Ever since Oliver's hip problems were an issue I've made note of 'guarantees' in the contracts that are in place with all dogs that I now have.

Mac. His mother was OFA fair, his dad not passing. Mac will never be used for breeding. In his contract it states that if he were to have Hip Displasia (HD) that he would be returned, replaced or refunded.

Zoe. Her father was OFA good. her mother wasn't tested, but her sire was OFA good. It states in her contract also that if she were to have HD she would be returned, replaced or refunded.

Ell. Ell's parents were not OFA'ed. However they have tested many of their dogs in the past and also guarantee her to be free of HD, or they will replace, refund or return her.

Mitcham. The Briard people are spot on! He is guaranteed to be free of Thyroid disease, HD in hips or elbows, SCNB (night blindess, occurs in Briards), and cardiac. If the were to show that he in fact has any of them, he will also be replaced, refunded or returned.

So even though I did not necessarily get puppies from tested parents, they have had testing in the background at least, if even spotty, and are guaranteed in a contract. this may not be ok for you, but is working fine for me.

I will not breed any of my dogs to animals that aren't tested. Mitcham will only be approved to bitches that clear all health clearances and are free of such diseases. My bitches will not be bred to dogs that aren't clear from all the mentioned above.

My biggest thing is this: IF YOU DON'T TEST, DON'T BREED! If you can't afford to test your dogs (as I've heard several Cardigan people say) than why have them? Why have that many? Even if I don't make any more money on my sheep for doing the testing, its good for piece of mind and for a sound breeding program.

Thanks for reading ;)

4 comments:

Kara said...

Garrett,

If you are like me, having the testing done gives me the piece of mind. Otherwise I would be over analyzing the smallest little thing and think it is something horrible.

Kelly N said...

Garrett, don't forget brucellosis testing in the dogs before breeding. It is a Dog STD. Both dogs should be tested before breeding.

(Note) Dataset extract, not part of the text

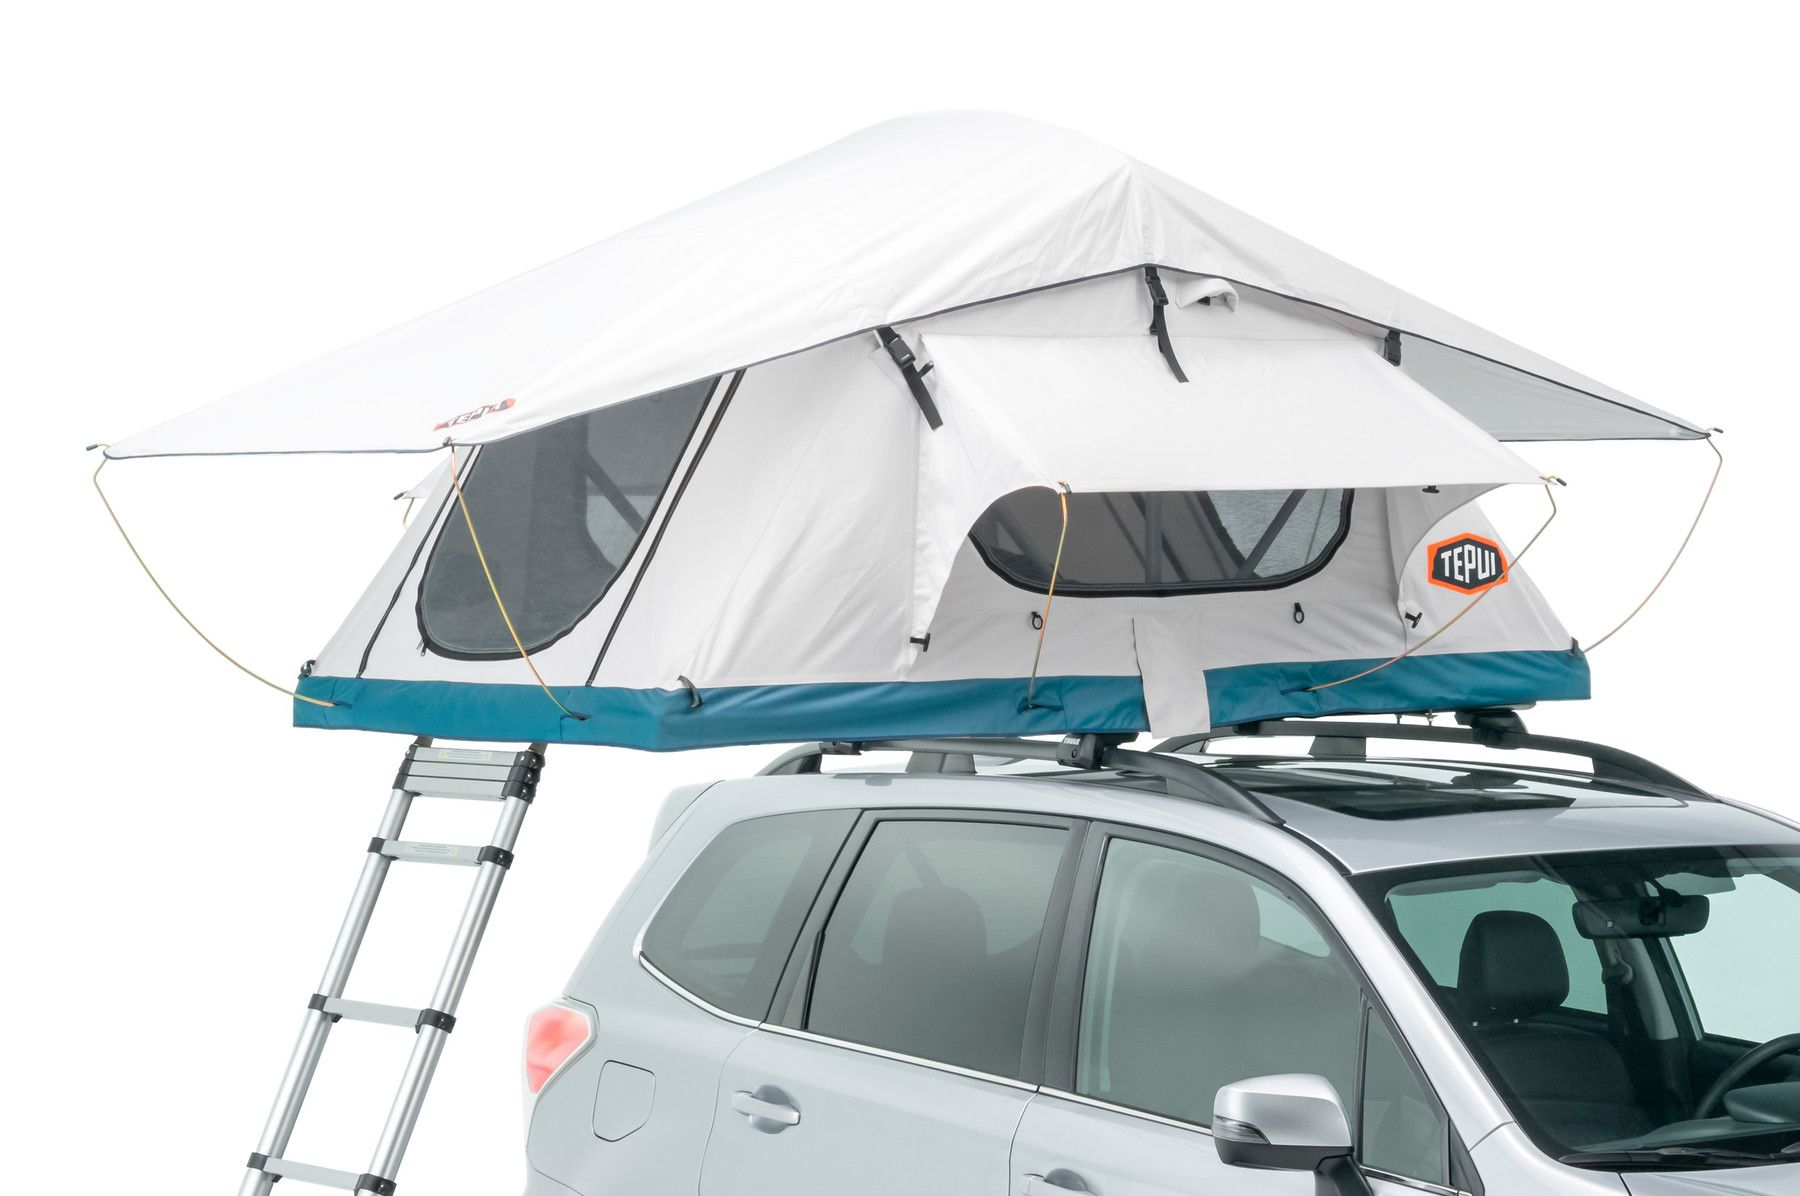 Tepui LowPro 2 Tent, Roof top tent, Lexus gx

http://www.peteducation.com/article.cfm?cls=2&cat=1556&articleid=404

Cindy said...

The biggest thing with testing is that it is a tool. You have to weight the good, with the bad and determine based upon your own personal breeding ethics, which you can live with or live without. Unless it's a cut and dried test like PRA, then you still have the chance of something slipping through but by testing you have the facts to help you make the right decisions.

Good for you Garrett! You're on the right track. You don't do one thing all the while saying something completely different. The future owners of your animals will greatly appreciate it.

penni said...

Add on DM (Degenerative Myleopathy)testing which is now available and, hopefully soon, IVDD testing. I don't see how a breeder makes decisions without testing for what you cannot see when you look at the dog.

So -- keep up the effort, Garrett -- you aren't the only one trying to do the right thing.